• Data below:
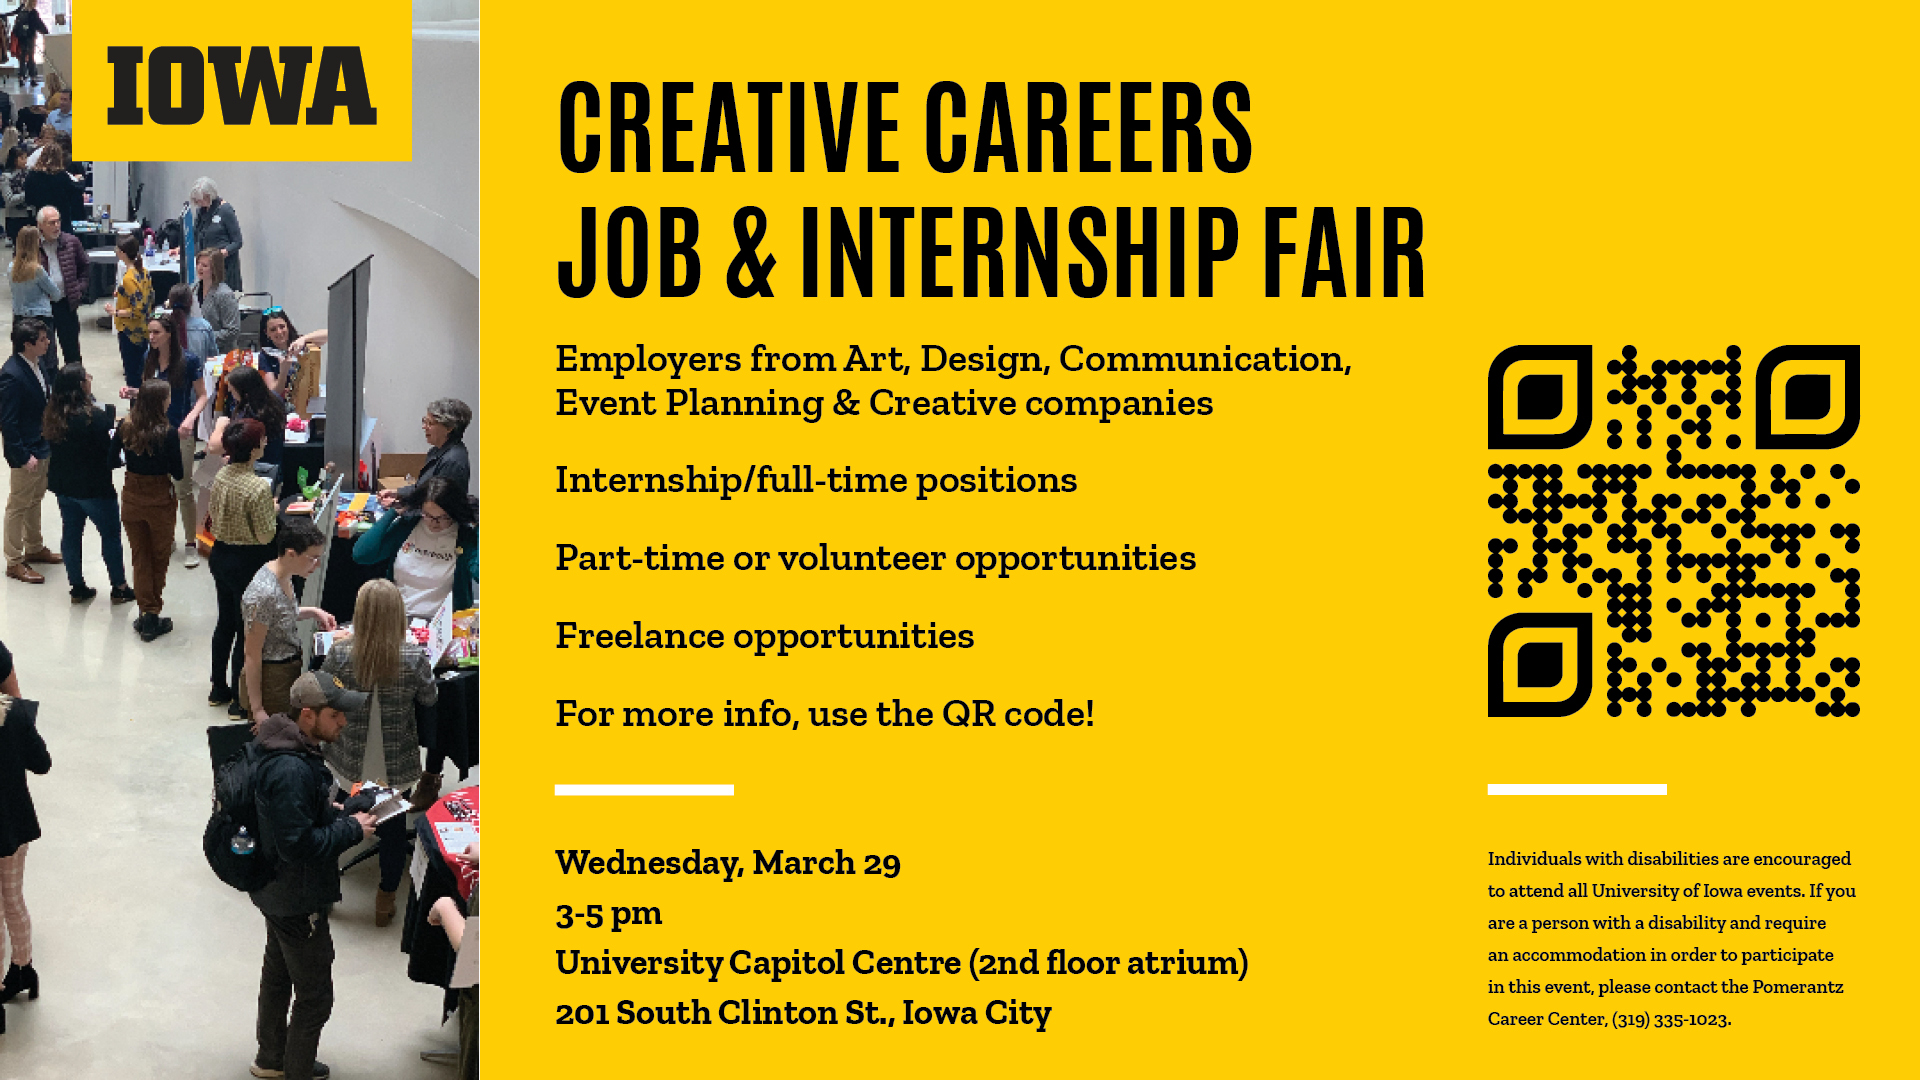 Creative Careers Job & Interview Fair: Wednesday, March 29 3-5 pm
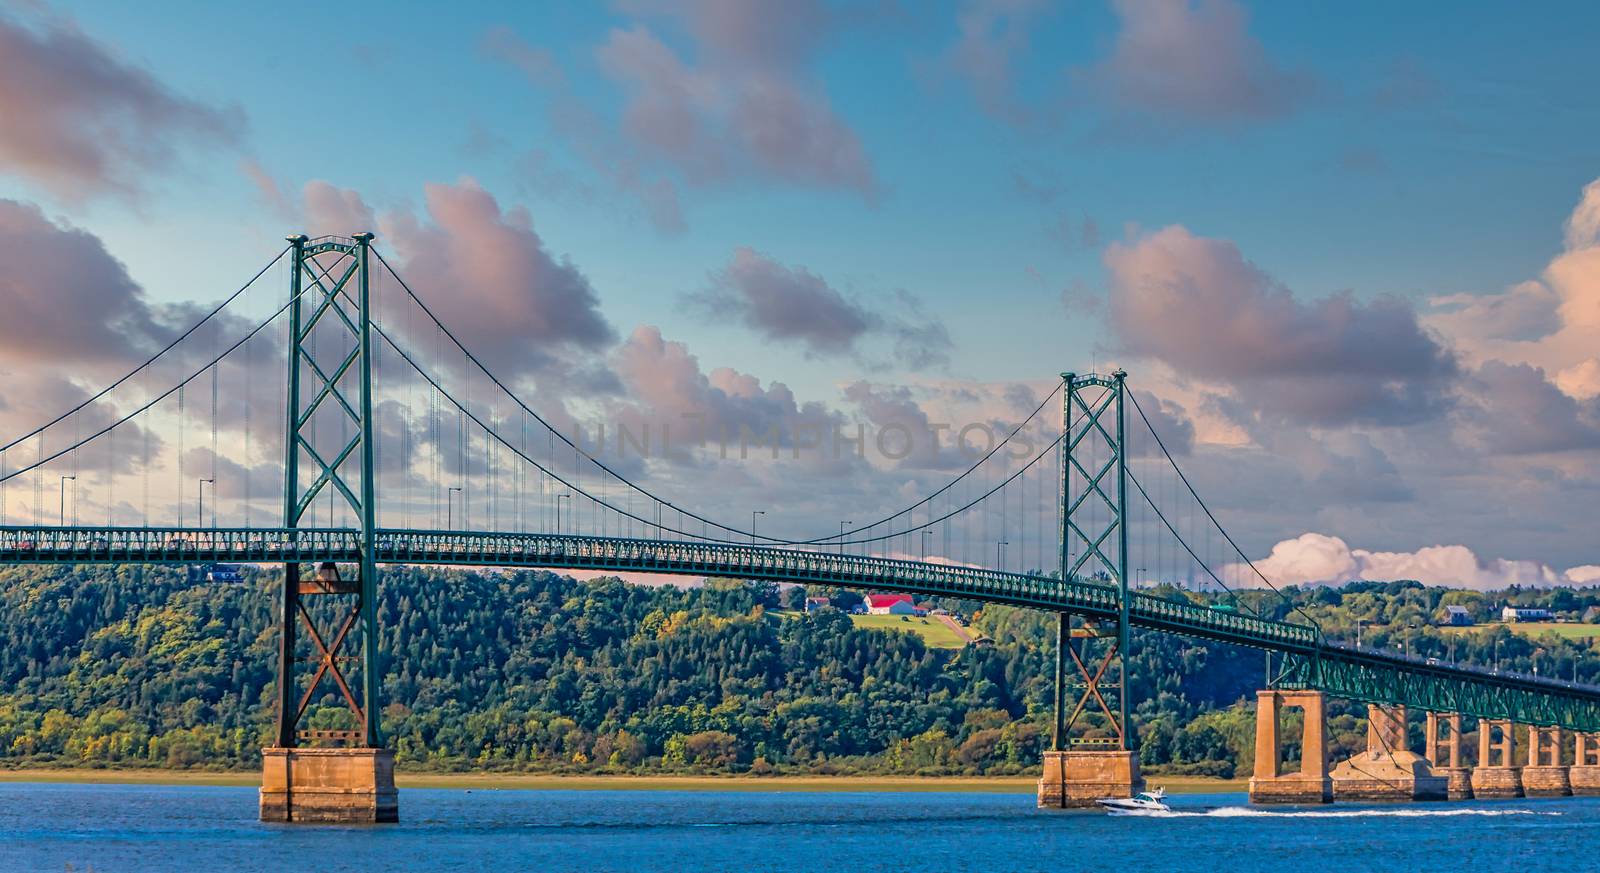 The Orleans Island Bridge Over the Saint Lawrence River near Quebec City, Quebec, Canada
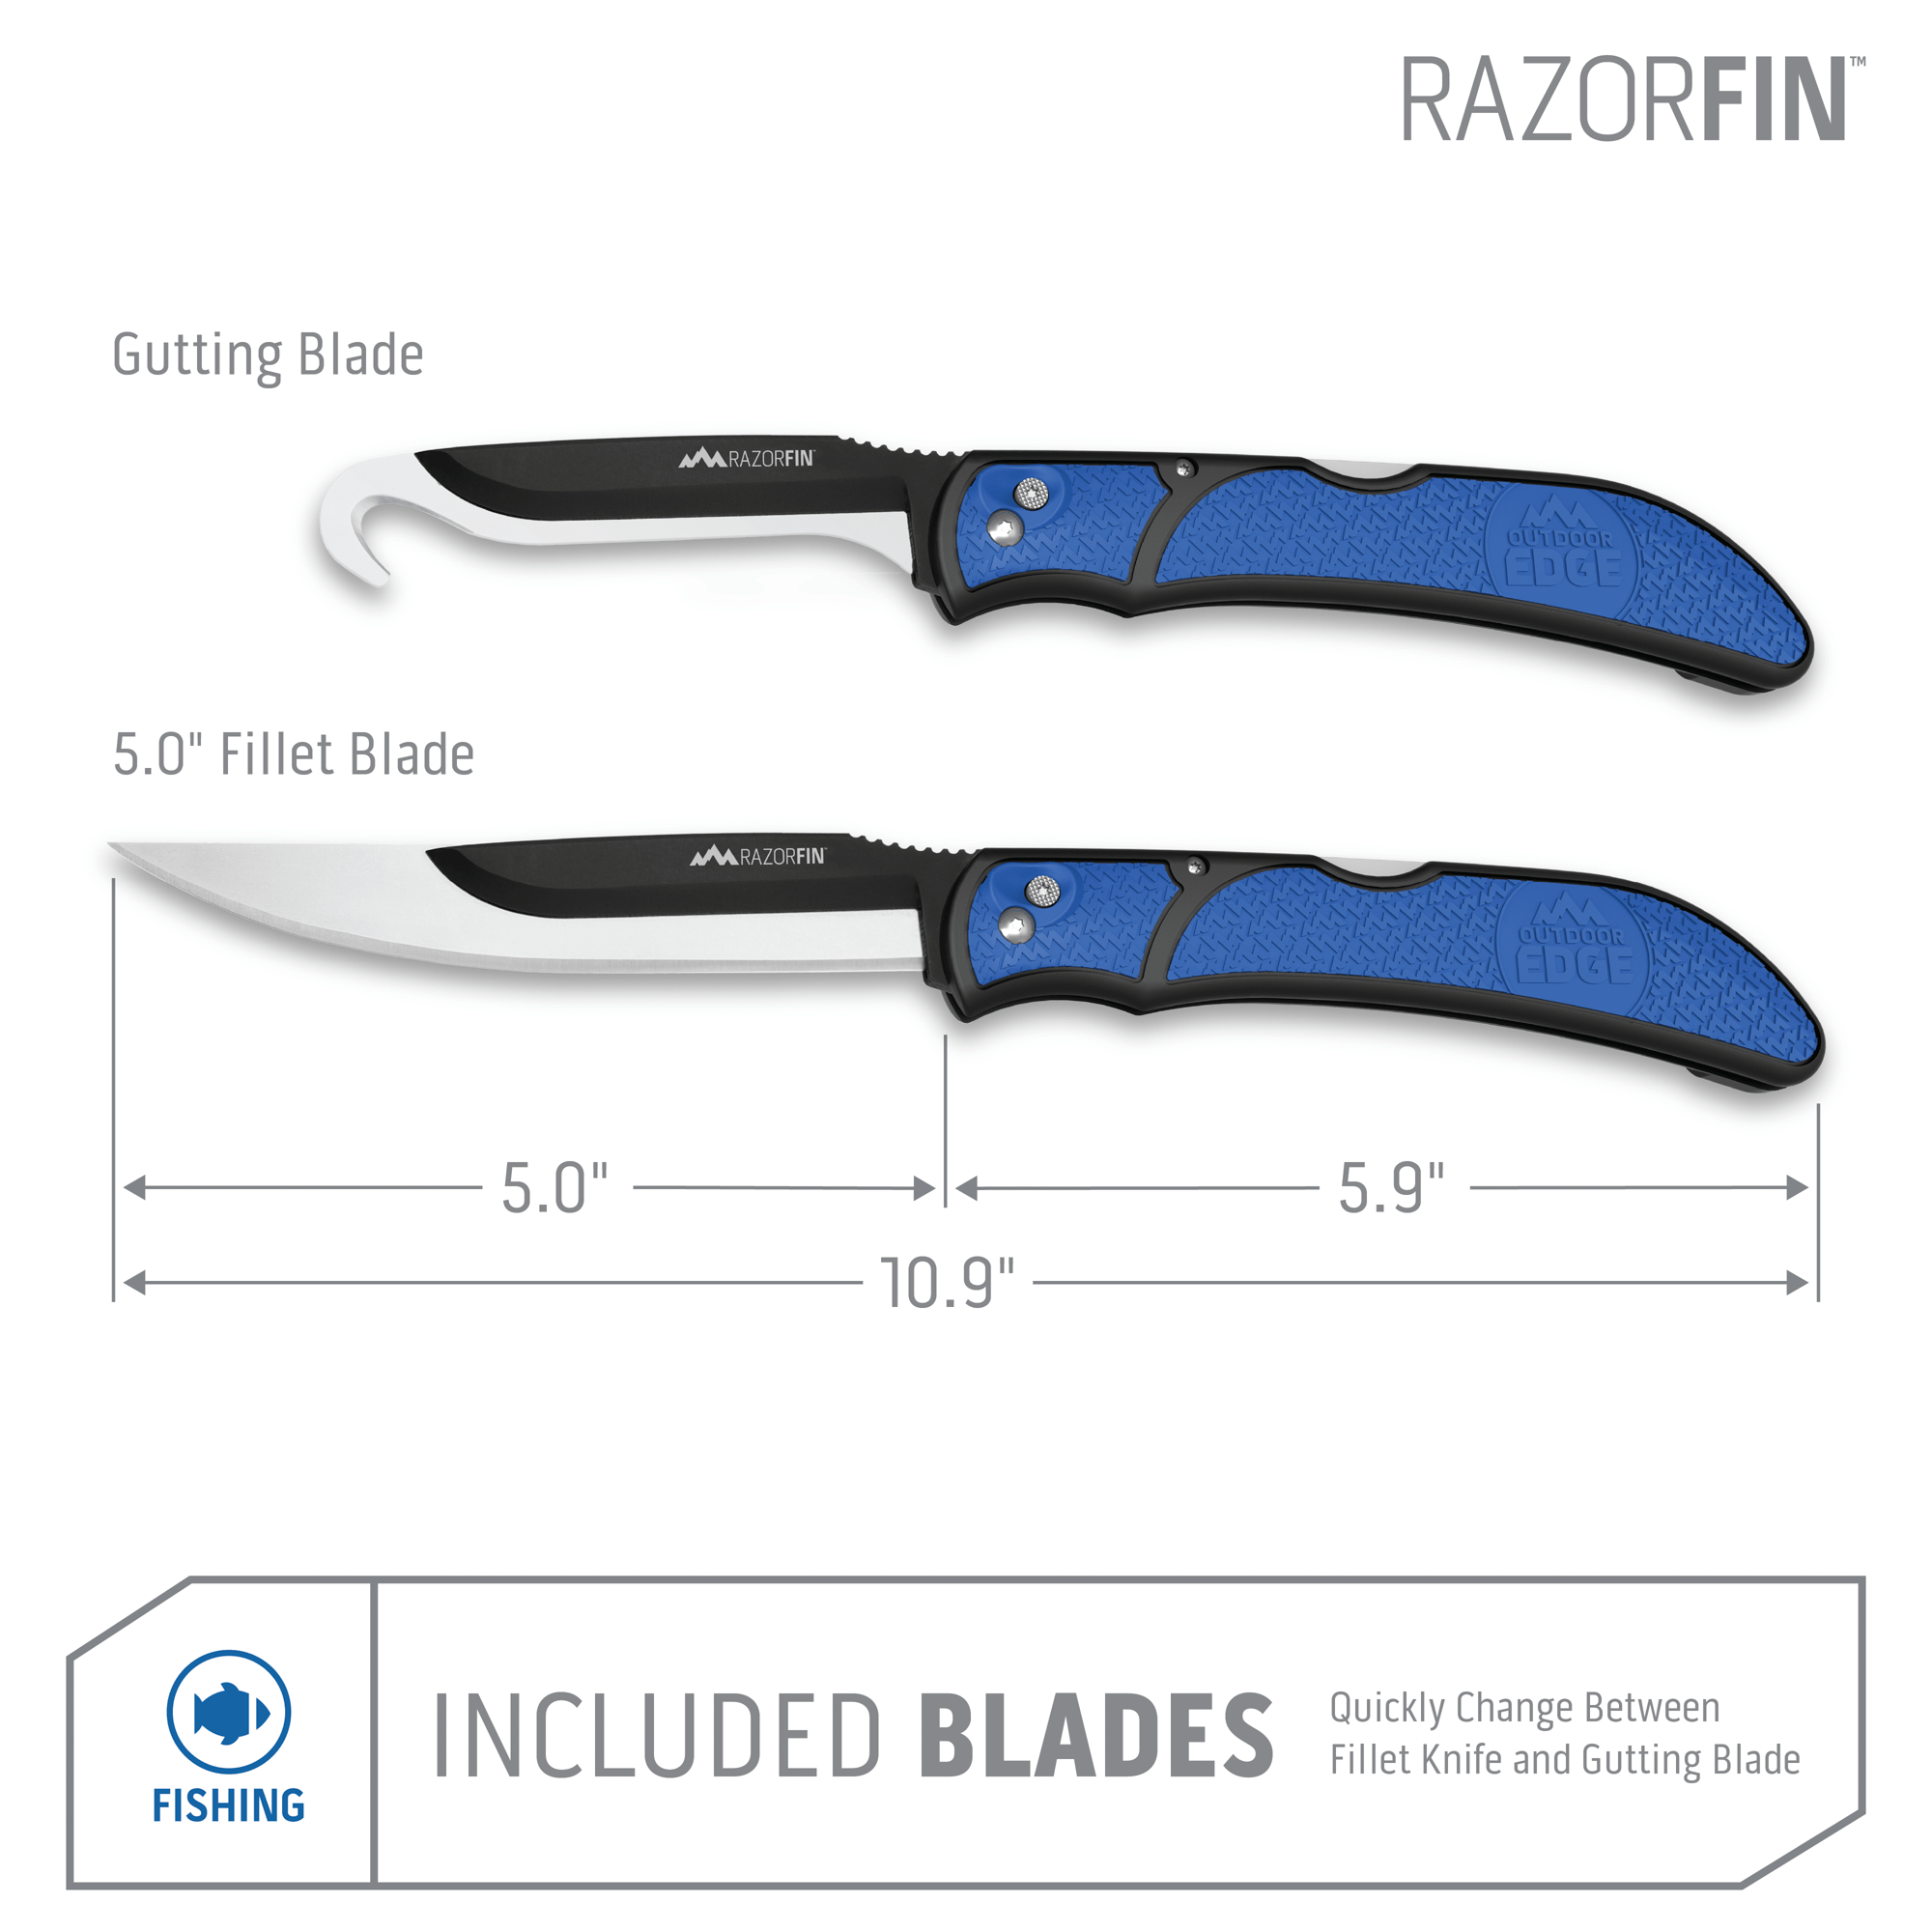 Outdoor Edge RazorFin Filet Knife Product Photo showing gutting blade and fillet blade

• Your instructions: Write the lines above out again exactly, without any of their pictures.

• Your response:
 Creative Careers Job & Interview Fair: Wednesday, March 29 3-5 pm
 The Orleans Island Bridge Over the Saint Lawrence River near Quebec City, Quebec, Canada
 Outdoor Edge RazorFin Filet Knife Product Photo showing gutting blade and fillet blade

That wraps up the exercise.